Three major tributaries of the Santa Clara River and numerous minor watercourses and washes drain the ridge: Castaic Creek, San Francisquito Creek, and Bouquet Creek.

Three sag ponds nestle within the narrow valley that divides the mountains from the Antelope Valley: Hughes Lake, Munz Lakes, and Elizabeth Lake.

==Human history==

===Native American habitation===

The Native population of California in the Sierra Pelona and Santa Susana Mountains included the Tataviam and Serrano people. They traded with the Tongva and Chumash to the south and west, until the Spanish colonization of the Americas relocated them from their homelands.

===18th and 19th centuries===
The San Francisquito Canyon, which runs north-south through the mountains, served as a major wagon route between the Antelope and San Fernando Valleys.

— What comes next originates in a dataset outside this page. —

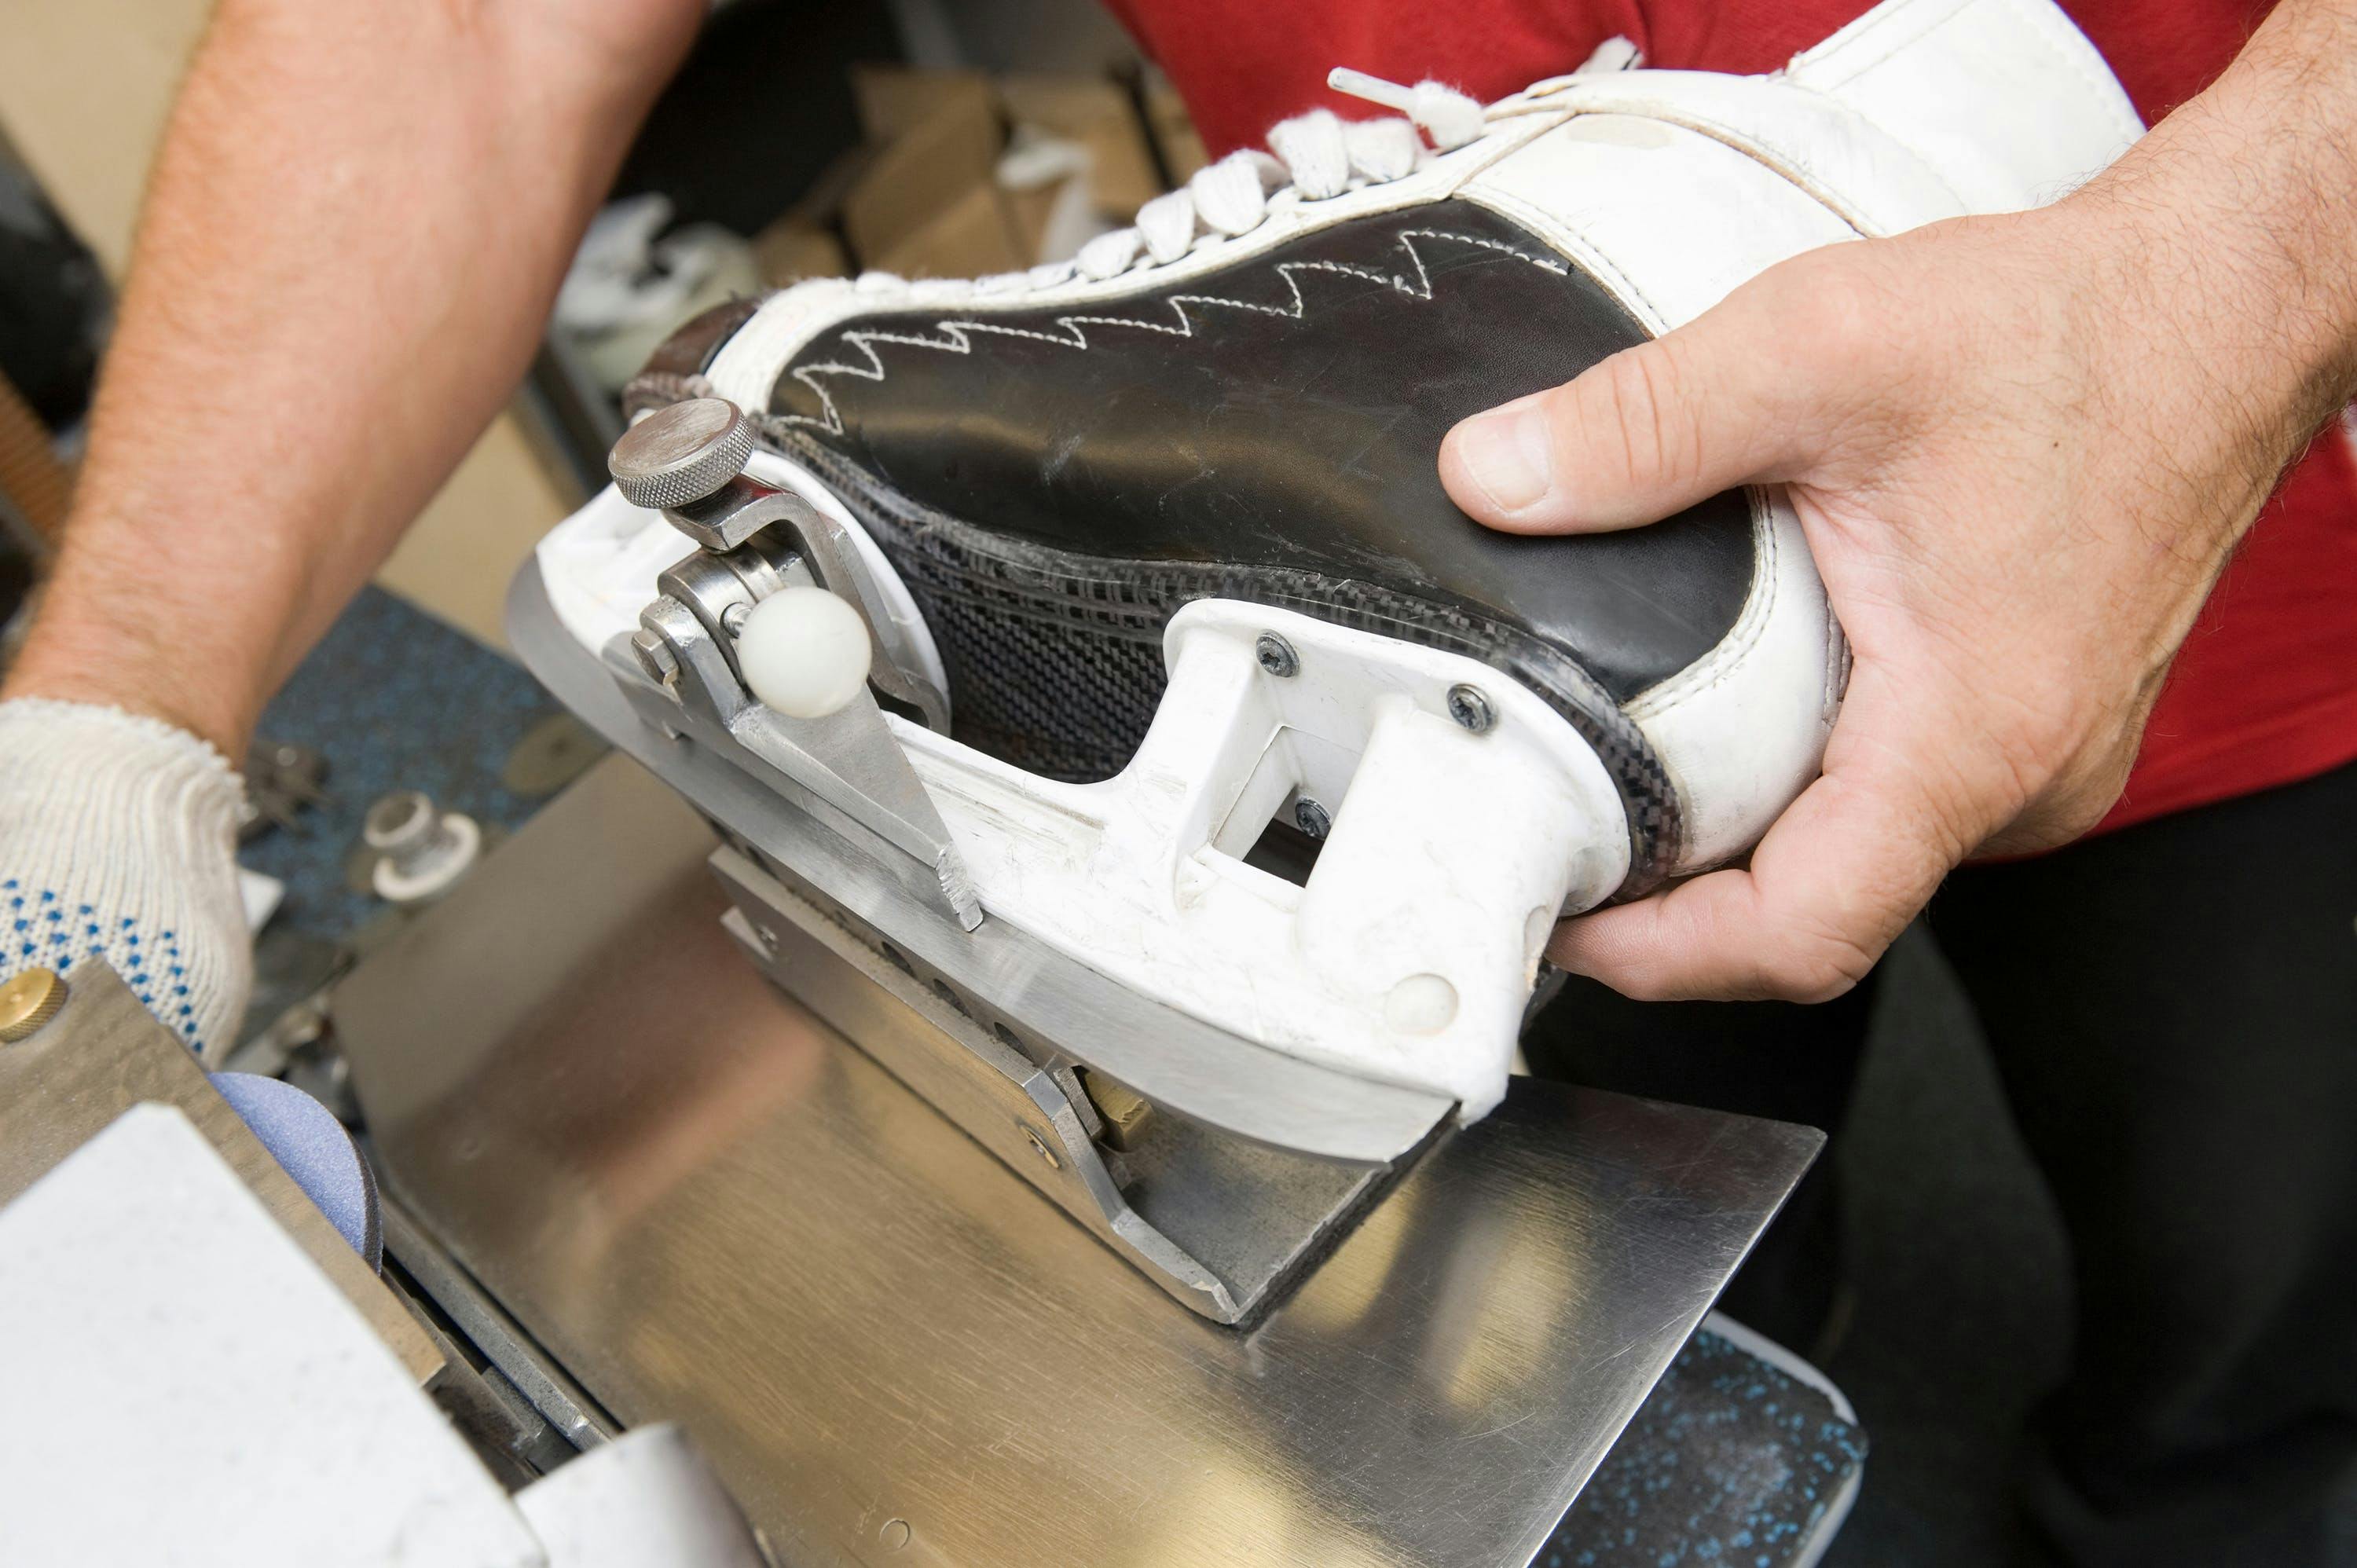 Skate Sharpening Tips and Tricks to Keep Your Skates in Top Condition

This corridor summited at San Francisquito Pass and was part of the El Camino Viejo - an alternate land route to the El Camino Real for reaching northern Spanish and Mexican colonial Alta California - as well as the Butterfield Overland Mail route.

===20th century===
The Ridge Route, a landmark two-lane highway that connected Los Angeles to the rest of California, was built along the western flank of the ridge and was completed in 1915. It was later bypassed by the Ridge Route Alternate (US 99) in 1930, itself superseded by Interstate 5 completed in 1971.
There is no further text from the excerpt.